Tea: The Natural Mood Booster

mood boosting tea
Diana L

Tea: The Natural Mood Booster

Life has its ups and downs. What if you learned you could go through that life in a better mood more often, and naturally? Some research says you can!

Studies show that the ingredients in a cup of tea can:

  • Improve focus
  • Lift a mood
  • Reduce stress
  • Stave off depression and anxiety, and possibly even dementia.

Tea lovers around the world understand the relaxing nature of a cup of tea. Some drink it to stay hydrated or boost energy in the morning. But they also drink it to soothe the midday nerves or unwind at night.

Even though tea drinkers believe in the benefits of tea, scientists are now on board as well. They continue to dig deeper into how exactly tea can be a natural mood booster.

Science has shown that tea actually reduces cortisol, a known stress hormone. Drinking just half a cup of green tea per day appears to lower the risk of depression or developing dementia.

What Ingredients in Tea Boost Your Mood?

Tea has antioxidants like EGCG that can help people feel calmer and more focused. Research has shown that combining caffeine with L-theanine, an amino acid, improves memory and reaction time.

This may sound a little odd because we often relate caffeine to coffee. If consumed too much, coffee may lead to anxiety, restlessness, jitters, irregular heartbeat, and trouble sleeping. 

Andrew Scholey of Swinburne University of Technology in Melbourne Australia calls tea a bit paradoxical. "Tea is calming, but alerting at the same time".

Clinical depression is a real thing. Do not confuse it with the occasional mood drop that many casually refer to as depression. But there is clear evidence that tea can make moderate mood improvements in the average person.

Best Teas for Mood Boost

  • Chamomile is a popular bedtime tea. Chamomile flowers contain apigenin – an antioxidant that causes brain receptors to induce relaxation and improve sleep.

    Chamomile tea may also help increase serotonin production that controls moods. Daily consumption may help with anxiety and depression and help boost the body against the effects of stress. Chamomile has a flavor that is similar to crisp green apples.
  • Ginseng can help protect against stress and anxiety and reduce symptoms of depression, like fatigue.

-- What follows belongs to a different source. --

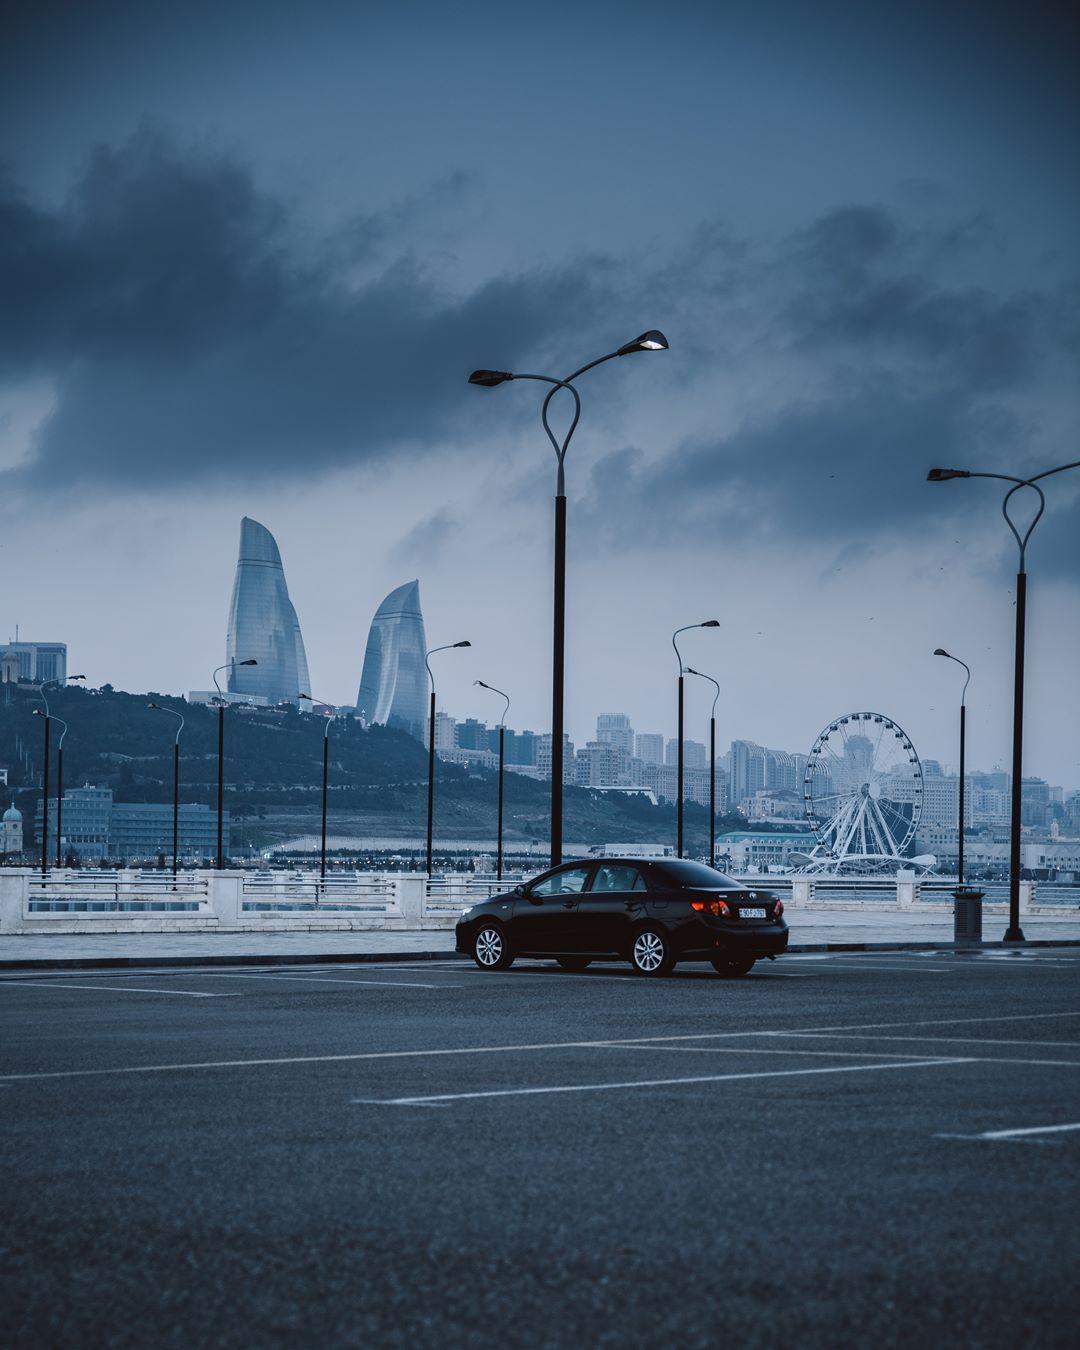 Pin By Targulu Khasiyev On Azerbaycan Azerbaijan Travel Baku City Baku Azerbaijan

  • Green tea has many health benefits, like preventing heart disease and boosting immunity. It also has l-theanine, an amino acid that slows down caffeine absorption. L-theanine also may have a natural anti-anxiety effect.

  • Passionflower Tea is made from the passionflower petals. Research has found that passionflower tea may help improve sleep quality. As an herbal tea, it may also help boost GABA levels that promote relaxation and provide a restful night's sleep.

  • The invigorating aroma of Peppermint tea is delightfully refreshing. Studies have shown the peppermint scent alone may help induce relaxation while also possibly reduce depression, anxiety, and stress. Peppermint tea also contains anti-inflammatory properties that aid in reducing pain and inflammation.

Mood boosting tea: Is the benefit in the brew or the experience?

Tea is one of the most consumed beverages in the world. Yet surprisingly little is known about its effects on human behavior. However, the evidence available generally shows that tea has a positive effect on mood and cognitive function.

A study published in Korea reported that those who regularly consumed green tea were 21% less apt to develop depression over their lifetime when compared to non-drinkers. And in a Singapore study of people over 55, those who drank just one cup of tea per week proved better at memory and tasks requiring information processing than did non-tea-drinkers. These results are similar to those obtained in a person who exercises 2.5 hours per week.

But researchers are also looking at the possibility that the experience of brewing and drinking tea is adding to the effect, not just the tea alone. Unlike the drive-thru at Starbucks, drinking tea is often associated with setting aside time to enjoy the experience.

Since tea is typically consumed at a time when looking for relaxation, the combination of the tea plus the experience may be responsible for the benefits.

But that aside, it's difficult to ignore science. In a test of healthy men, some were given black tea and some a caffeinated placebo. Those that consumed the black tea recovered from stressful tasks more quickly than the placebo group. After 50 minutes, the black tea drinkers reported they felt relaxed, and their cortisol levels had fallen to 53% of baseline, compared to 73% in the placebo group.

But science never stops. Research continues on tea as it relates to mental health benefits. While it is known that it benefits mood and cognition, they don't quite yet know the "why". Does the caffeine boost the effects of L-theanine or the other way around?

Until these questions of long-term benefits are answered, the medical use of tea will have to wait. But there's no reason we can't sip a cup of tea, improve mood and focus, and feel good.